Half an hour later, the little boy is gulping down cool sheep’s milk with his anxious mother holding him and mumbling how thankful she is to me for saving her baby. Ahmed hugs and kisses me on both cheeks over and over, something he’d never do under ordinary circumstances, then we go to work. With the help of my team, I bring up the amphora I found and, on closer inspection, identify the two-handled jar with a narrow neck and vertical handles that arches high above the mouth as twelfth, maybe thirteenth century. I can’t contain my excitement. According to my calculations, this entire area is believed to have been used for secret burials and human sacrifice long before the Crusades. The tombs unearthed in the area all date back more than two thousand years ago. If this is a buried tomb, and the size and shape of the vault indicates it is, then an interloper from a later time must have found the shaft and used it as a shelter.

A knight from the Crusades? I question. The archaeologist in the photos found his sword and part of his shield near the site, didn’t he? I sense the dead live here, waiting for me to find them.

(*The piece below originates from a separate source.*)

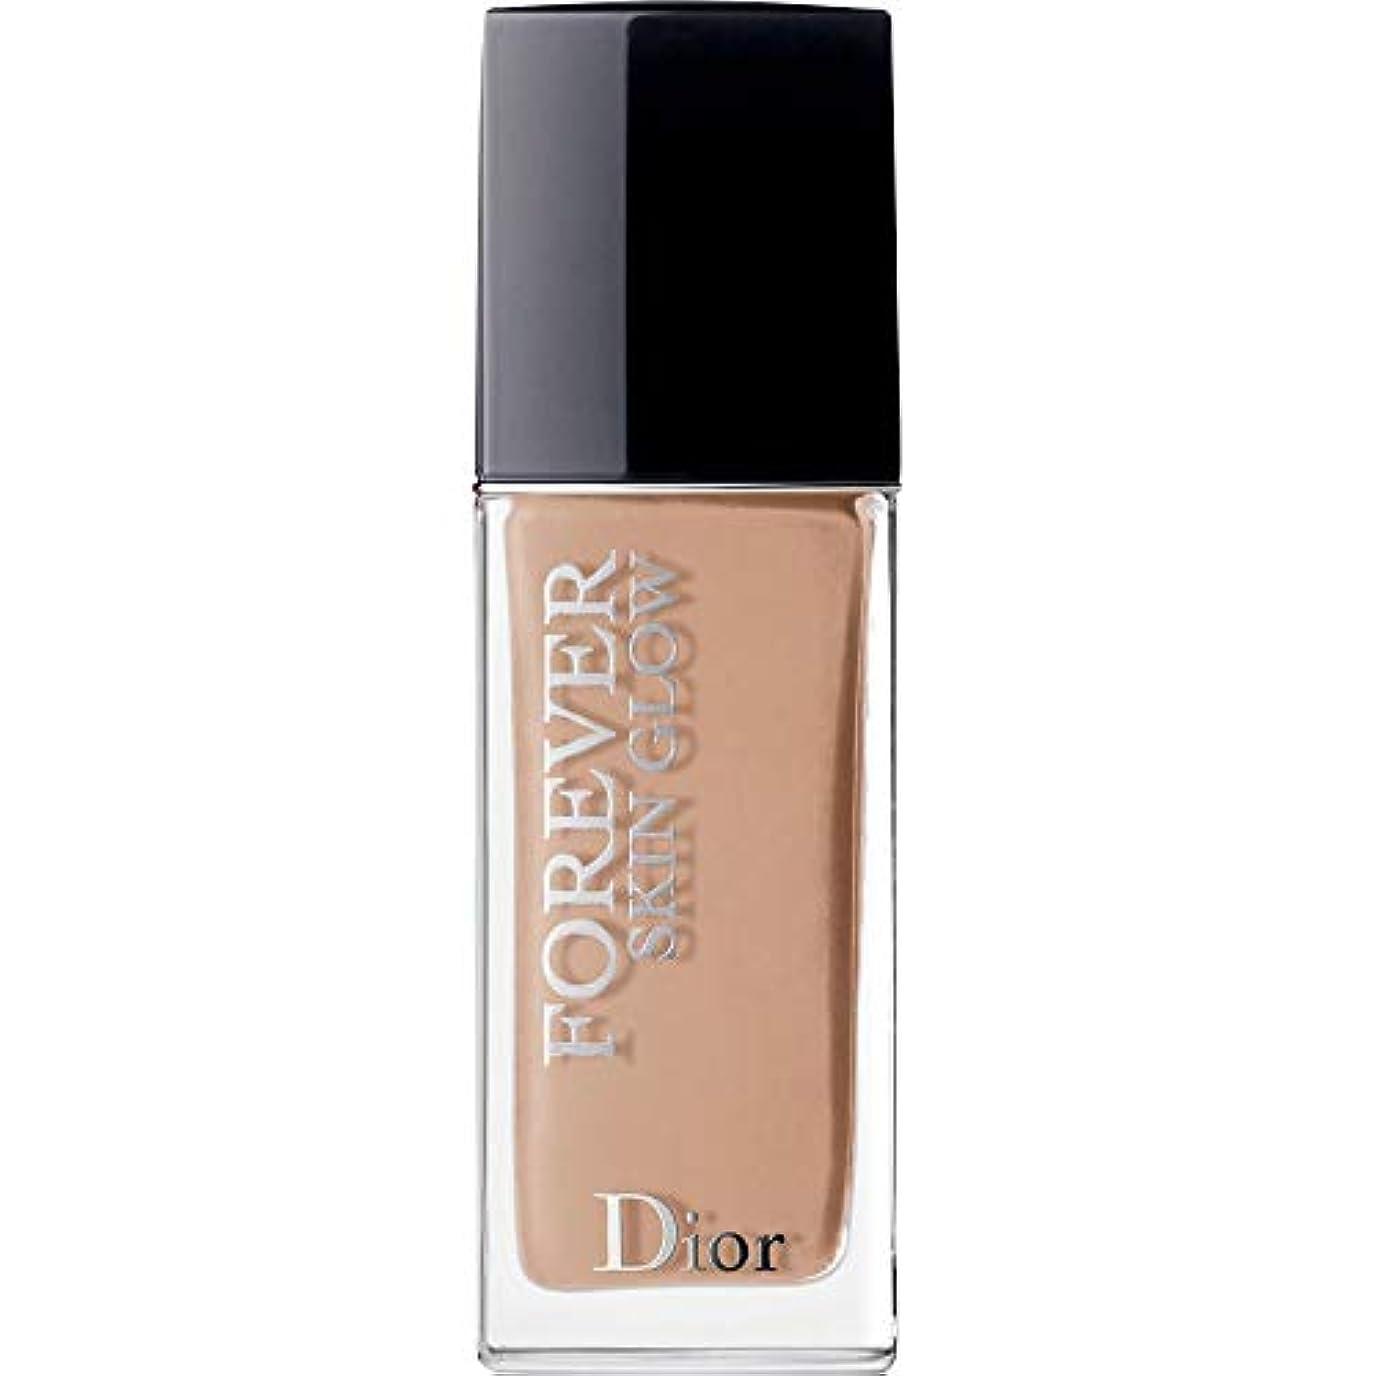 呼ぶ再編成する遮る[Dior ] ディオール永遠に皮膚グロー皮膚思いやりの基礎Spf35 30ミリリットル4Cを - クール(肌の輝き) - DIOR Forever Skin Glow Skin-Caring Foundation SPF35...

Digging through the feet of soil filling in the rectangular shaft, we uncover a stone stairway consisting of sixteen steps leading to a tomb chamber roughly oval in shape. Reaching the bottom of the stairs, I stop, my ears attuned to that distinct sound so familiar to my soul. I hear the whispers. When I come across another unbroken pot, my heart jumps. I’m a woman with a dream, focused, committed, not deterred by academic bickering or jealous rivalry among colleagues. I’m free to follow my gut. Legend says the lost Crusader knights headed toward Palmyra, located midway between the Mediterranean and the Euphrates. I believe the knights deviated from the route and were looking for a popular oasis in this area, an essential watering place for the many camel caravans that traversed the route in the time of the Roman Empire, when they were attacked by advancing Turks or a local desert tribe.

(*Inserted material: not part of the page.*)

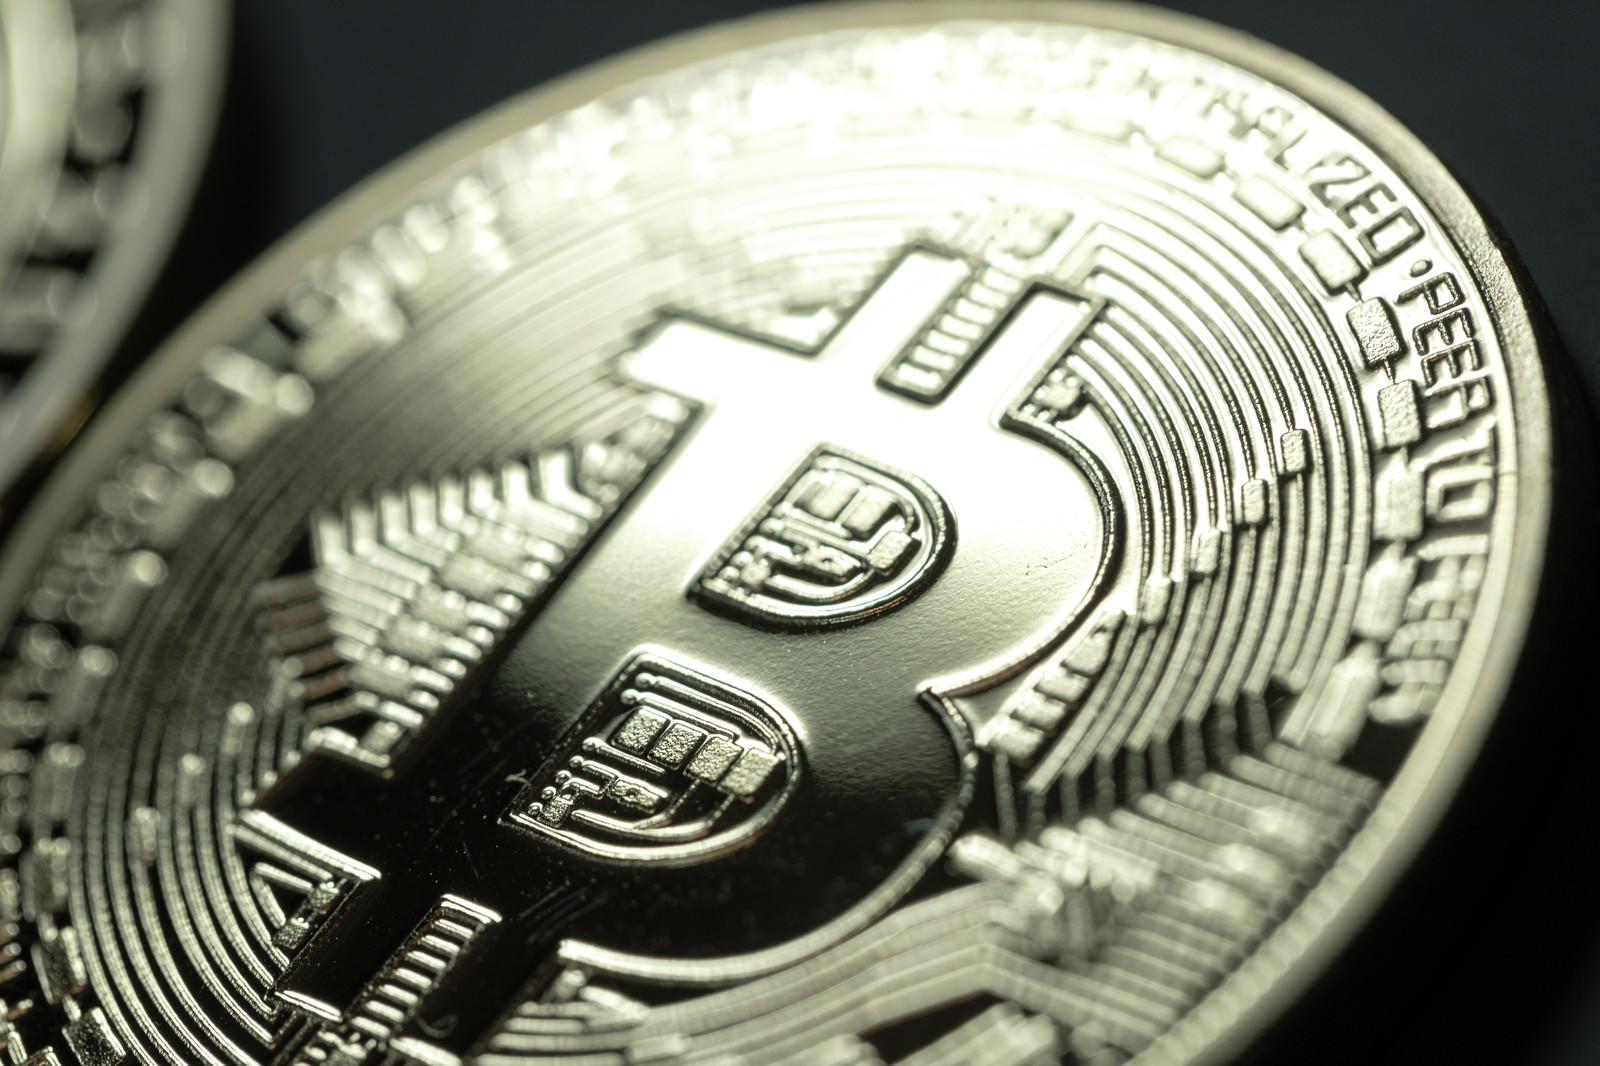 「2019年9月18日のビットコイン価格は110万円です」の写真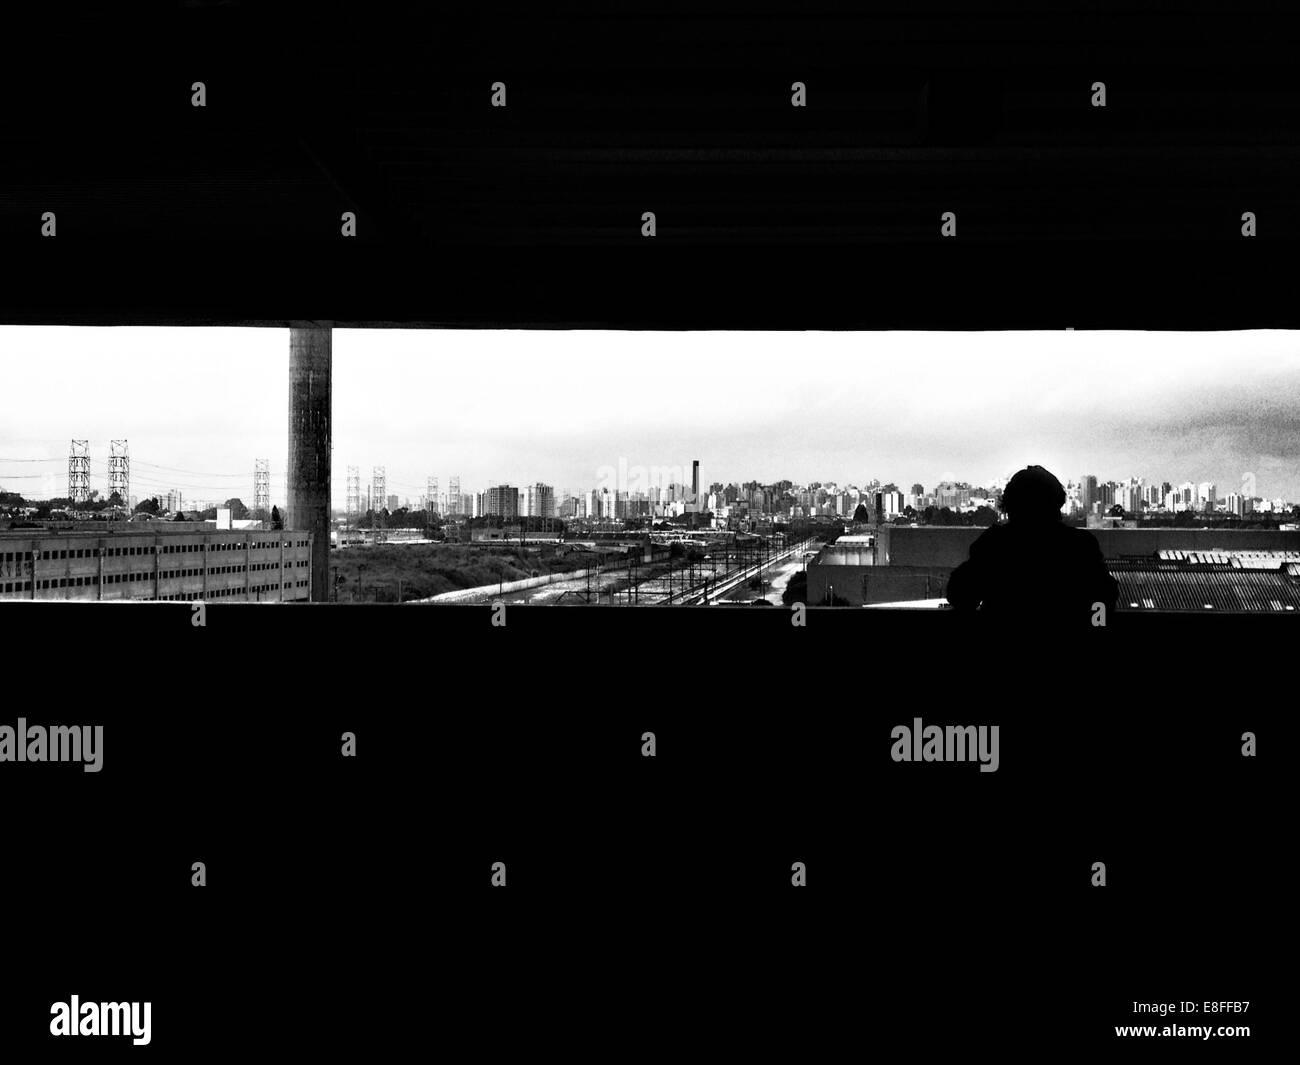 Silueta de una persona mirando el horizonte de la ciudad, Sao Paulo, Brasil. Imagen De Stock

Shining my flashlight, I channel my previous trepidation into unbelievable excitement when I see two statues of lions, winged and human-headed, forming a portal. Mouth open, eyes trying not to blink, I bend down to creep under them and make my way deeper into the moist vault. I see another winged figure, this time an eagle with a human head, and two alabaster slabs with bas-relief faded not only from time but the dripping water seeping down through the earth. I make my way in small, careful steps, arcing the beam of my flashlight on specific areas, revealing portions of the wall decor in increments so it seems the pictures keep changing, like a dazzling slide show. Figures of slaves bearing objects of tribute such as earrings, bracelets and monkeys are painted on the walls, though the once-brilliant colors have faded. Broken pottery, trash, all lie strewn about the chamber, along with lachrymatories, tear-bottles, so named because they hold the tears of the people burying the dead. I unearth an arm here, a finger there, broken skulls. Not unusual because grave robbers dismembered the bodies to yank the trinkets from the dead. I see distinct tracings where the bodies were buried in wooden coffins, long decayed but lined with bitumen and a whitish material that gives off an eerie glow.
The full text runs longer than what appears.